My mouth feels dry and I feel hungry. No, wait. That doesn’t make sense. I must be thirsty. Yes, I’m just thirsty. No more food tonight. It’s past 9 in the evening and any food that will go past my mouth during this time is already considered late night snack, and that’s not part of the diet plan. What diet plan? Any diet plan. There was no plan, just a plan to go on a diet.

And I’m starting that right now. I’m serious! Okay, I’ve said that many times, and I’m growing tired of it. I wanna end it now. From now on, when I say that’s the last one, that’s really the last one! I’ll go drink a glass of water, and another one. You know what? Let me go ahead and brush my teeth. But the problem is the sink is past the fridge, where the boxes of doughnuts lie in wait. No, they’re waiting for nothing. I’m not even gonna look at the fridge.

Damn, you know what? I’ll write. I’ll distract myself by writing, so here I am. The craving should go away once I’m done with this. I’ll go to the sink, get my toothbrush and brush my teeth and wash away all of my palate’s cravings.

Is this how dieting is supposed to be?

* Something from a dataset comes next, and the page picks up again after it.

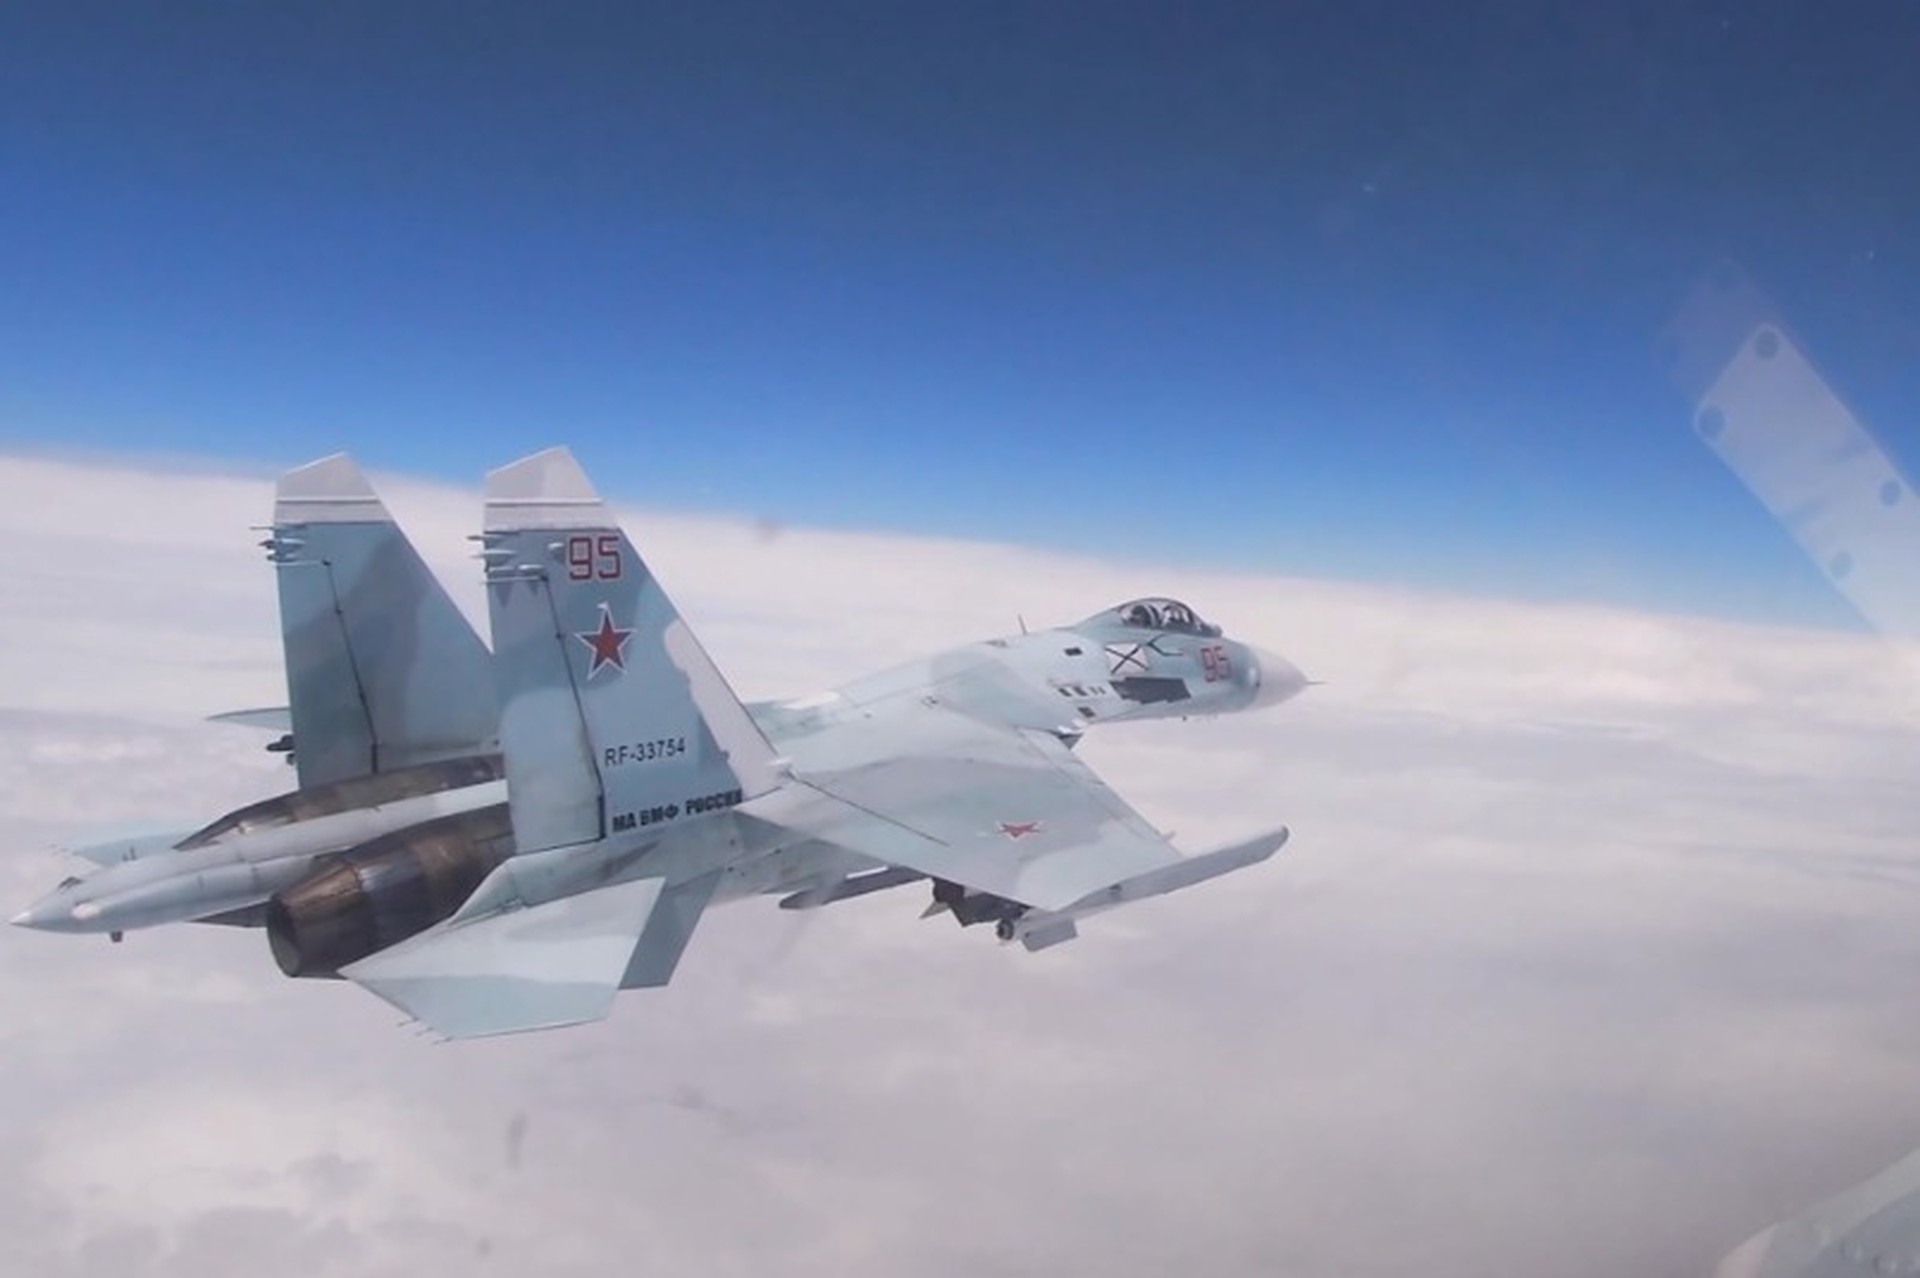 СМИ: Превосходство Су-27 над F-15 может повлиять на борьбу сил НАТО и России

Always fighting your craving? Well, do take note that I’ve already had two doughnuts earlier. What I’m feeling right now is just a craving. So whenever you feel like you’re depriving yourself of happiness just because you couldn’t eat what you’re craving, shut up for a moment and think, “What did I eat earlier that I really liked? Shouldn’t I be satisfied already?”

Dieting takes a shitload of self-discipline. That’s why not a lot of people are able stick to it. But like I said, I don’t really have a diet plan. Maybe you don’t, either. Just always keep in your mind that you need to eat to live, and not live to eat. Think of craving as a form of greed. Keep it under control, otherwise, consider yourself as a gluttonous, immoral being who wants to eat everything and not leave anything for other people.

There, I downed two glasses of water. I feel full again. I did it! Now, let me go to sleep and make sure all of this is over. And no, I did not deprive myself of food. I’ve had enough and I should wait for the next day before I can eat more again.